Please stop.
About the only argument I find remotely convincing from language devs (Nim is another similar lang) is that they don't want to maintain anything extra. Fair enough. The other arguments they roll out are always specious. The stuff in the issue above is comical: default GH tab width is 8, don't want Gleam to look weird to people looking at Gleam on GH, so force 2 spaces.. lol. Sometimes it seems like lang maintainers get a little too far up their own arses about this stuff. Your v0.x just-past-toy lang with a weak std lib and barely any ecosystem isn't turning off potential adopters because of how default indentation looks on one - arguably the worst - forge.. it's turning adopters away because of these silly hills you choose to die on. Nearly all mainstream langs handle spaces or tabs; forcing 2 spaces is just more "perceived strangeness", as a maintainer on that issue put it. It's your lang, do as you like with it, but if you want growth, don't be arbitrarily rigid.
This is indeed comical. At the same time, it's an odd choice for GH to display eight spaces for a tab nowadays. Perhaps a punishment that the source code uses tab characters at all?
I get the idea behind having a streamlined formatting style, but I’m really not a fan of denying users the flexibility to adjust it to their needs. Consistency across projects is nice, yet forcing everyone into a single indentation style feels unnecessarily rigid. A little configurability would go a long way :)
I'll accept that tabs unfortunately lost the tabs/spaces war (too complicated for many people I guess), but let's at least stick to 4 spaces please.
Some of this is obviously going to be the newness of Gleam, but I remember when Elixir was still brand new, and the OTP integration was one of the biggest selling points there, and a big part of their documentation and the ecosystem in general. Whereas with gleam, it almost seems like they're embarrassed of the runtime's distributed heritage? Whereas to me it seems like the OTP and the actors model in general would be the biggest selling point for a language like this.
Does anyone have any insight into why this is, or what concurrency practically feels like in gleam?
I like rust but it takes too long to write. Go is usually my go to language because its simple I adore erlang and can write some elixir but I also dislike dynamic typing.
I have been looking at gleam for a while and I think now you inspired me to create a small project to learn more about it.
...and is gradually getting more gradually typed: https://elixirforum.com/t/elixir-v1-19-0-rc-0-released/71190...
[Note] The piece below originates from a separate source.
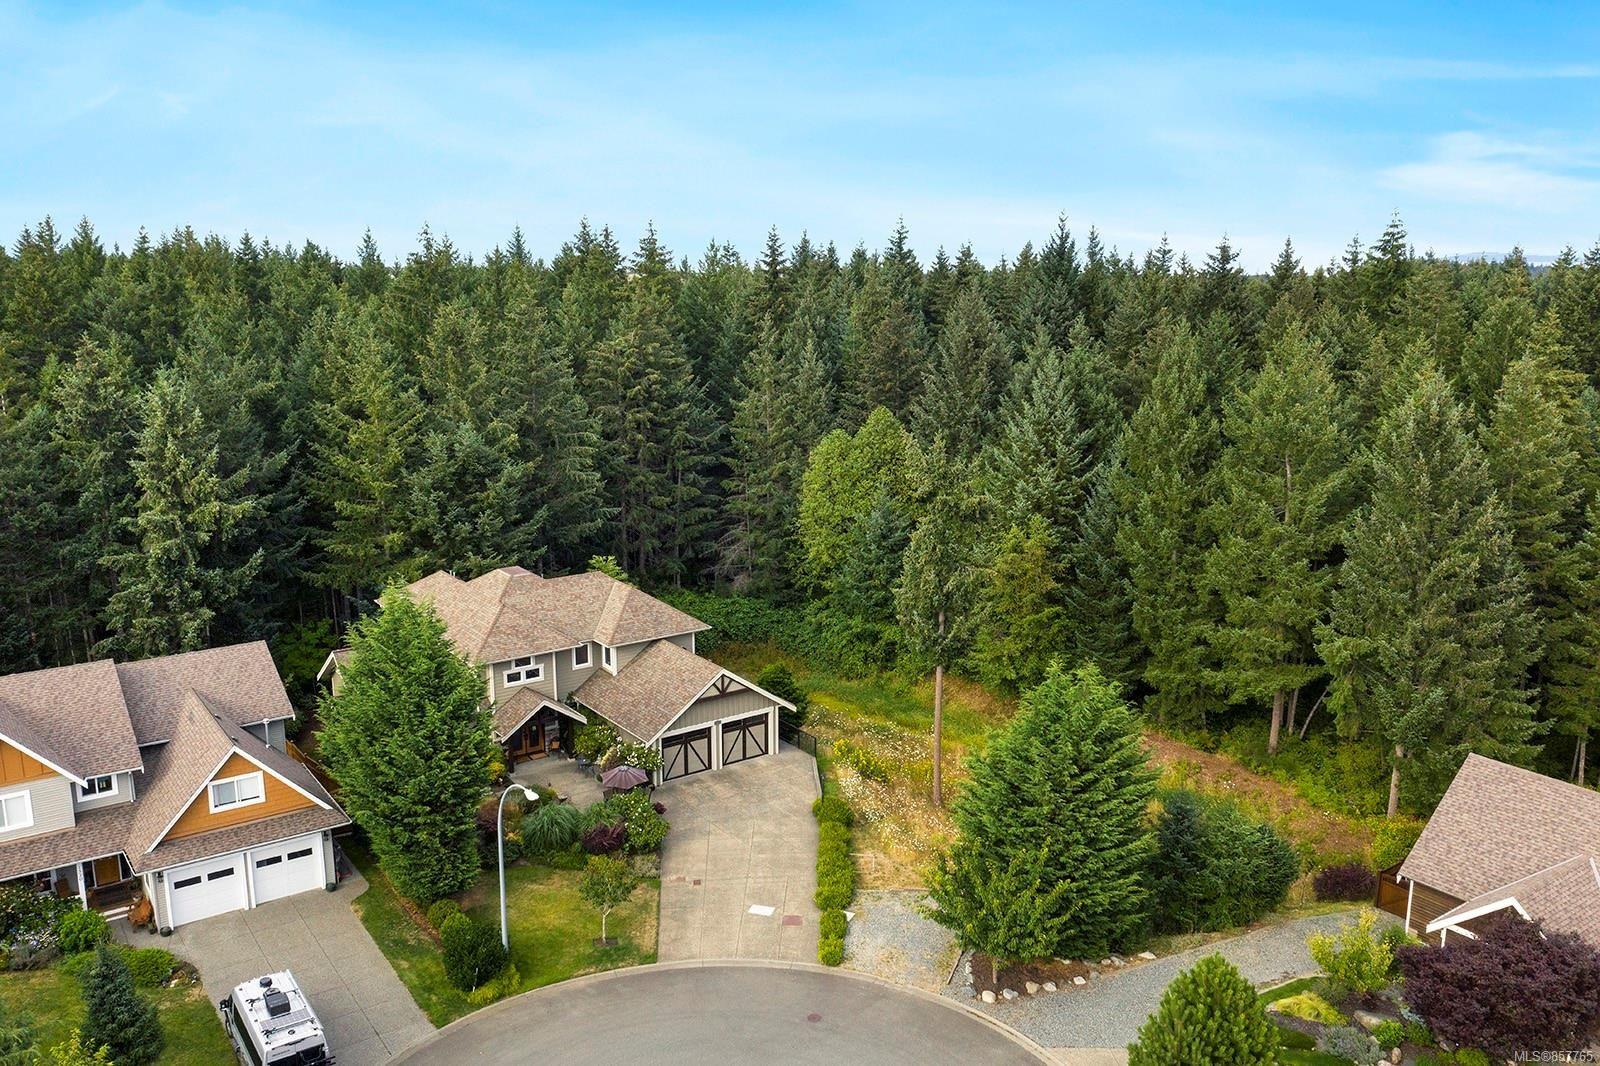 Photo 2: Photos: 1516 Highridge Dr in : CV Comox (Town of) House for sale (Comox Valley)  : MLS®# 857765

OCaml is a simpler Haskell, but I don't think it has a C-like syntax. However, rescript[0], the JavaScript like syntax for OCaml based Hindley Milner typed language might actually fit well for small and personal projects.
[0] https://rescript-lang.org/docs/manual/v8.0.0/introduction
Seriously, I find the OCaml syntax way less obtuse than, for example, all the trait and macro idioms that I have to chop through with Rust. Sure, Rust has braces, but that doesn't make its syntax easy by any means.
Nevertheless, I am happy to see this Cambrian Explosion of programming languages. Eventually, we may get a good one.